Жил-был Генка - стр. 38
Звёзды также посылали свои искры раздумий, но и их образы потеряли свою мудрую ценность, хотя растворялся плач золотых огней на его душе, да только Генка больше не укреплял себя волею творческих намерений. В нём бурлила безудержная страсть воскресшего греха, утомляющего сознание и влекущая куда-то вперёд. А что там впереди? Свет или тьма?
– Ты скоро? – Отец обернулся напоследок. Удержи в себе это прощание, постой ещё и ещё… Больше не будет такой дорогой минуточки! Она нынче последняя и заветная. Не приостановить её ход… Эй! Никого… Уже никого нет рядом.
– Скоро…
– Не засиживайся, завтра рано вставать…
И мать сказала опять своим зычным голосом:
– Холодно уже… Давай иди в кровать… Завтра новый день…

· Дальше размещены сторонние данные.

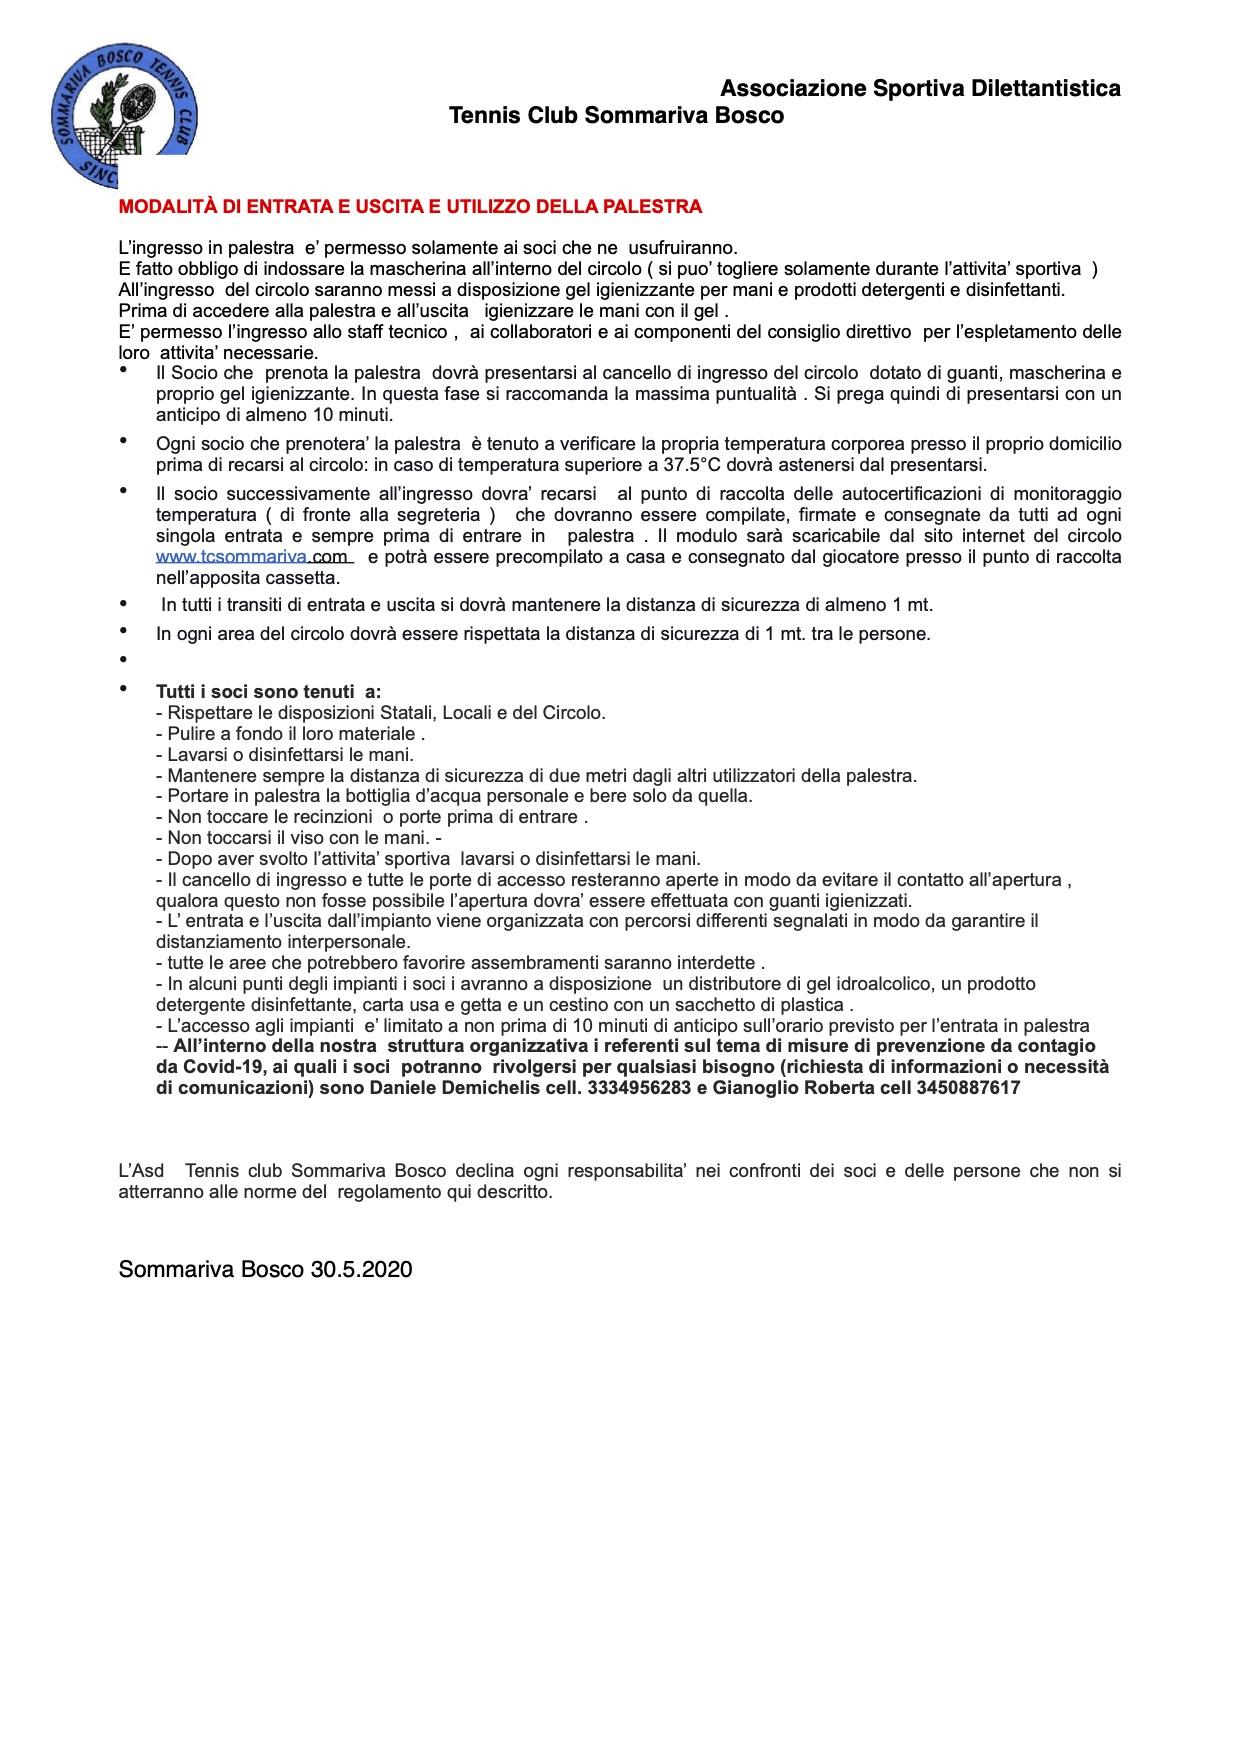 regolamento-palestra-tc-sommariva-bosco-2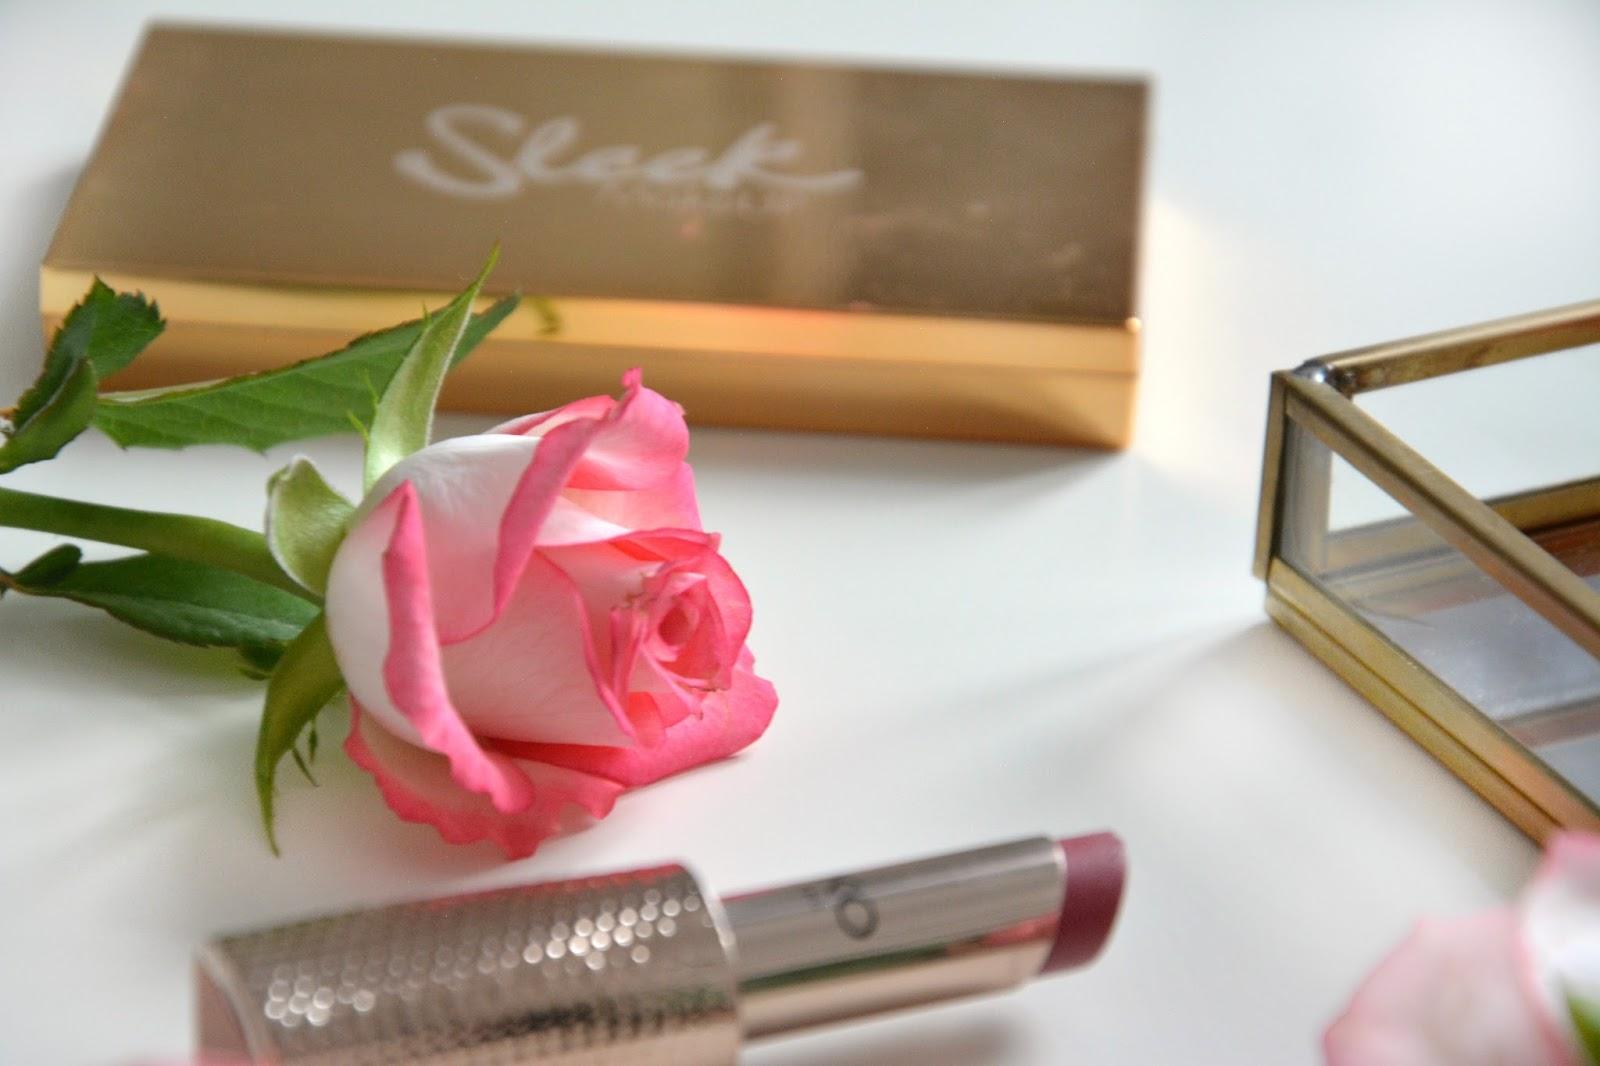 Sleek Solstice Highlighting Palette; Kiko Lipstick; Fresh Pink Roses

О! что будет завтра?! Никто не прозревал! И Генка не ведал! И не мог даже предположить себе, чем обернётся утро и для него, и для его родителей. И думать об этом не хотел, но думы калечили и весьма изламывали. Даже показалось…
– Кто тут?
Тихий шорох осыпающейся в огороде листвы сумел-таки поджарить мысль явившуюся вдруг как-то болезненно из ниоткуда. Тень ада приползла страхом возмездия и была отвратительной, чужой, зловещей. И дыхнула страсть в лицо…
– Больше не увижу рассвет…
– Увидишь! – Шепнули в ухо.
– Кто тут?
Никого нет.
Но кто-то всё-таки есть.
Эх! Воля райских сил! Зачем, зачем тревожишь покой человека, человека, стремящегося к любви, а утопающего в гнилостном помрачении бездуховности? Жизнь! жизнь! как горек твой разлив и отвратителен образ немудрого убожества, который надо мерить не единым годом… А сколько, сколько лет понадобится? Увы, нет ответа.
Минута.
Секунда.
В песне поётся: «Ни в Бога, ни в чёрта не верит матрос. А верит в простой талисман… » Генка не верит даже в идею предложенной свободы. А где она вьётся? Куда вливается? И где её раздолье? Ничего нет и не было. И не факт, что будет!
Родился… И мало видел радостей, только озверелые дни обезличенных чувств! Это жизнью не назовёшь! Война измяла остатки светлых восторгов! Да и сами восторги опечатаны болезненными ступенями житейских бурь и невзгод.
Но где родиться и с кем отмерять сутки достойных лет – это зависит не от человеческого желания, а от Того, Кто однажды и развил образы людские. А зачем развил-то?! Угадай… Не угадывается… Разве Его осудишь на резерве человеческом? Разве бросишь Ему вопль угнетённого сердца. – Зачем, зачем Ты дал мне нелюбимое?!
Нет. Ему ни о чём не крикнешь и не потребуешь у Него себе доли всеобщего равенства! А если и крикнешь, то Он не ответит и не потому, что презирает или ненавидит, а потому, что Он вне всего – и любви, и ненависти и прочего.